He’s Not Serious, Is He?
- 10.07.2009 - 7:08 AMFrom news reports it appears that the president is close to doing exactly the wrong thing on Afghanistan – searching for a middle ground and trying to run a war on the cheap. As the New York Times describes it, “Mr. Obama seemed to be searching for some sort of middle ground, saying he wanted to ‘dispense with the straw man argument that this is about either doubling down or leaving Afghanistan,’ as White House officials later described his remarks.” This is typical Obama pabulum — both sides are extreme and he, the voice of moderation, will step in to split the difference. But this doesn’t work in a war when the middle ground, as we learned both in Afghanistan and in Iraq, is not a viable option.
One almost gets the sense that the Obama team may have not learned anything from our recent experiences in two war theaters. It is not as if Donald Rumsfeld and a slew of generals didn’t try in Iraq to use the fewest possible troops, spend the least possible amount of taxpayer money, and get the most out of high-tech wizardry. Doesn’t the Obama team remember that this didn’t work, that a wholesale revision of strategy was needed and that only once a fully implemented counterinsurgency approach was employed did we achieve a victory? This sort of willful obtuseness is deeply troubling because there simply isn’t any viable military/strategic rationale for what the president is straining to do. It is a political approach plain and simple. He wants money for health care and he doesn’t want a revolt on the Left.

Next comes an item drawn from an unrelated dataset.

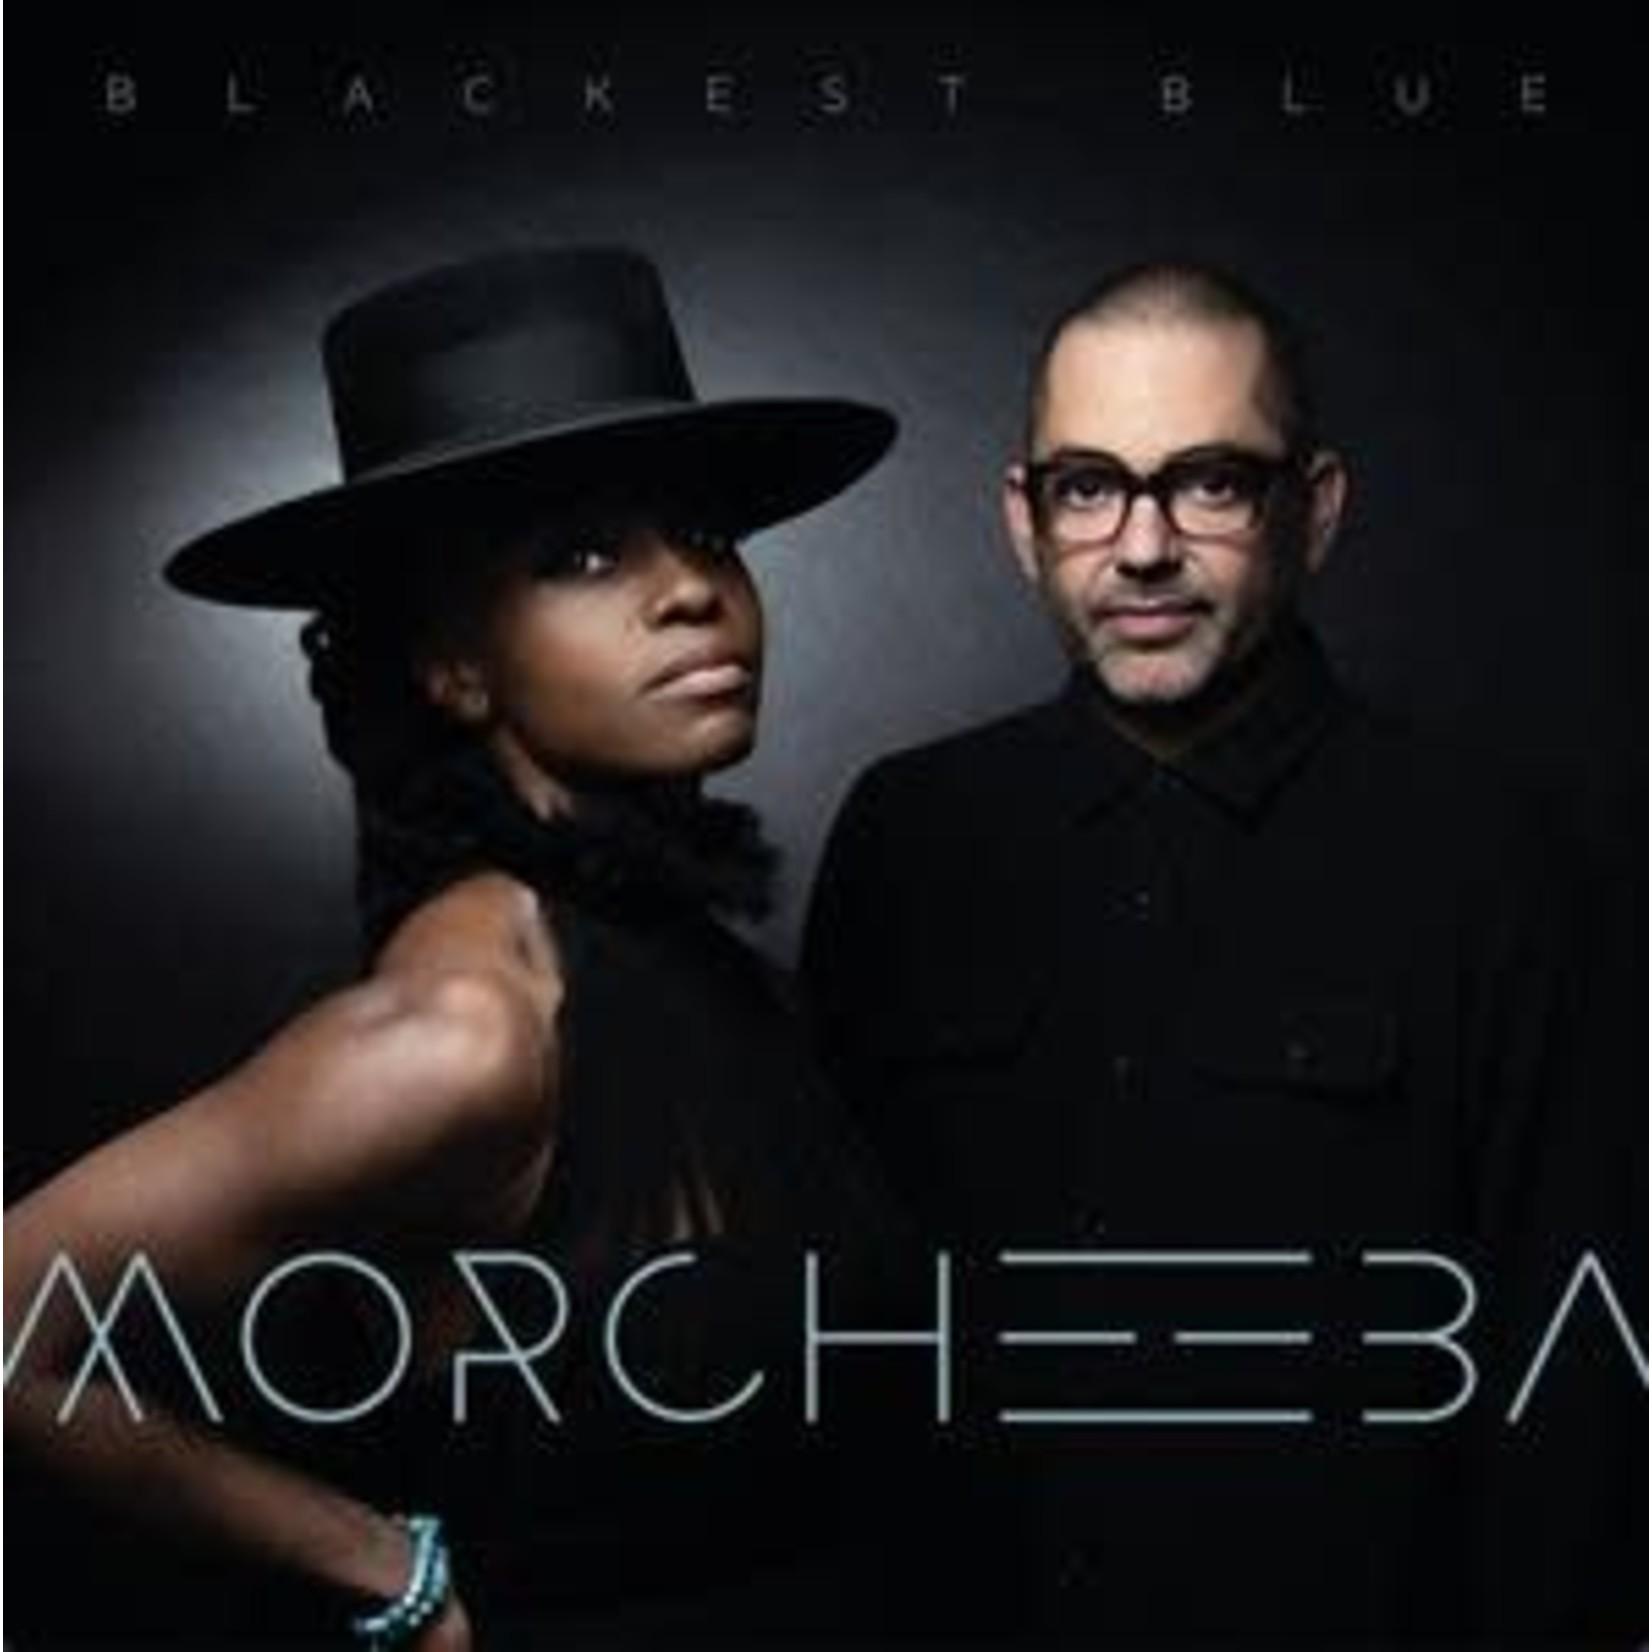 MORCHEEBA - BLACKEST BLUE -COLOURED- (VINYL)

But that’s not what we expect from the commander in chief, is it? There are always other things to spend money on, especially if you want government to undertake all sorts of new responsibilities. But the first and primary responsibility of the president is to protect the nation. He was the one who explained that the Afghanistan war was critical to our national security. Now faced with political push-back and a big price tag, he’s losing (already lost?) his nerve. It’s a shabby performance indeed. Rep. Ike Skelton had this to say:
“I said the real war in Afghanistan did not start until March, when the president made the speech on strategy,” Mr. Skelton said in an interview, referring to the strategy Mr. Obama put in place shortly after taking office. “There was no strategy before that,” he said, and so the president ought to give General McChrystal what he needs to execute it.
That’s what we expect of a commander in chief: set a strategy, hire the best generals, get their advice, and implement it. But that doesn’t seem to be what we’re getting. We get equivocation, agonizing, and timidity — because the president would rather spend hundreds of billions on a health-care scheme Americans don’t support. No wonder the generals have gone to the newspapers. They must be searching in vain for some way to get the president to focus on what it takes to win the war that he declared to be critical. One can imagine they must be at their wits’ end. How does one respond to a president who, in essence, says he’d doesn’t have another strategy but another place he’d like to spend the money instead?